▶ [EXERCISE DETAILS]
Once you find the line with "Victor Hugo : Les" in the entries below, return exactly every line from it through the line with "Bansos PKH Tahap".

▶ [SOURCE DATA]
((

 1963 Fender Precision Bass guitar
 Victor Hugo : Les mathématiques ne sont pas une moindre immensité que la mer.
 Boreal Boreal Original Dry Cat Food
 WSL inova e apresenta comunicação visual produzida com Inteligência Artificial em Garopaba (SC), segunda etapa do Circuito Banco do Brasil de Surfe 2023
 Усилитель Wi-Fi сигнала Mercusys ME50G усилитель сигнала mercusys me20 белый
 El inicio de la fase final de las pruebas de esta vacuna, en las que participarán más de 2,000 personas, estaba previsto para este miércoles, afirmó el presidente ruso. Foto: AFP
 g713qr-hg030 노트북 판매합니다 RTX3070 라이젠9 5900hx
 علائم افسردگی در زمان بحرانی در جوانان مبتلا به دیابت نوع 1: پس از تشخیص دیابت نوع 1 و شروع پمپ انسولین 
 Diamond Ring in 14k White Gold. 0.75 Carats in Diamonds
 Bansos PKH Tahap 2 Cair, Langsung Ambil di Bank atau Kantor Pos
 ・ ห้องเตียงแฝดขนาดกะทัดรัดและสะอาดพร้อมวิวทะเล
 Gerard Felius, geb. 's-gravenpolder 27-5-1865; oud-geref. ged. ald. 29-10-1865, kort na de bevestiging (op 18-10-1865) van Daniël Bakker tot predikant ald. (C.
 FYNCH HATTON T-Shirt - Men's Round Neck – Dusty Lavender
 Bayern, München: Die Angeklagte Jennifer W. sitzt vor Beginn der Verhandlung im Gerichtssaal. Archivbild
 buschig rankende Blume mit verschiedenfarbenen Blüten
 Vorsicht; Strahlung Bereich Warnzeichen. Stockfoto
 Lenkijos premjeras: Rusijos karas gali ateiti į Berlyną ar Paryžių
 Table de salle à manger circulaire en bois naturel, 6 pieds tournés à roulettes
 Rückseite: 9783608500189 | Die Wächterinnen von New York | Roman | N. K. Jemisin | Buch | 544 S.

))

▶ [WRITTEN ANSWER]
 Victor Hugo : Les mathématiques ne sont pas une moindre immensité que la mer.
 Boreal Boreal Original Dry Cat Food
 WSL inova e apresenta comunicação visual produzida com Inteligência Artificial em Garopaba (SC), segunda etapa do Circuito Banco do Brasil de Surfe 2023
 Усилитель Wi-Fi сигнала Mercusys ME50G усилитель сигнала mercusys me20 белый
 El inicio de la fase final de las pruebas de esta vacuna, en las que participarán más de 2,000 personas, estaba previsto para este miércoles, afirmó el presidente ruso. Foto: AFP
 g713qr-hg030 노트북 판매합니다 RTX3070 라이젠9 5900hx
 علائم افسردگی در زمان بحرانی در جوانان مبتلا به دیابت نوع 1: پس از تشخیص دیابت نوع 1 و شروع پمپ انسولین 
 Diamond Ring in 14k White Gold. 0.75 Carats in Diamonds
 Bansos PKH Tahap 2 Cair, Langsung Ambil di Bank atau Kantor Pos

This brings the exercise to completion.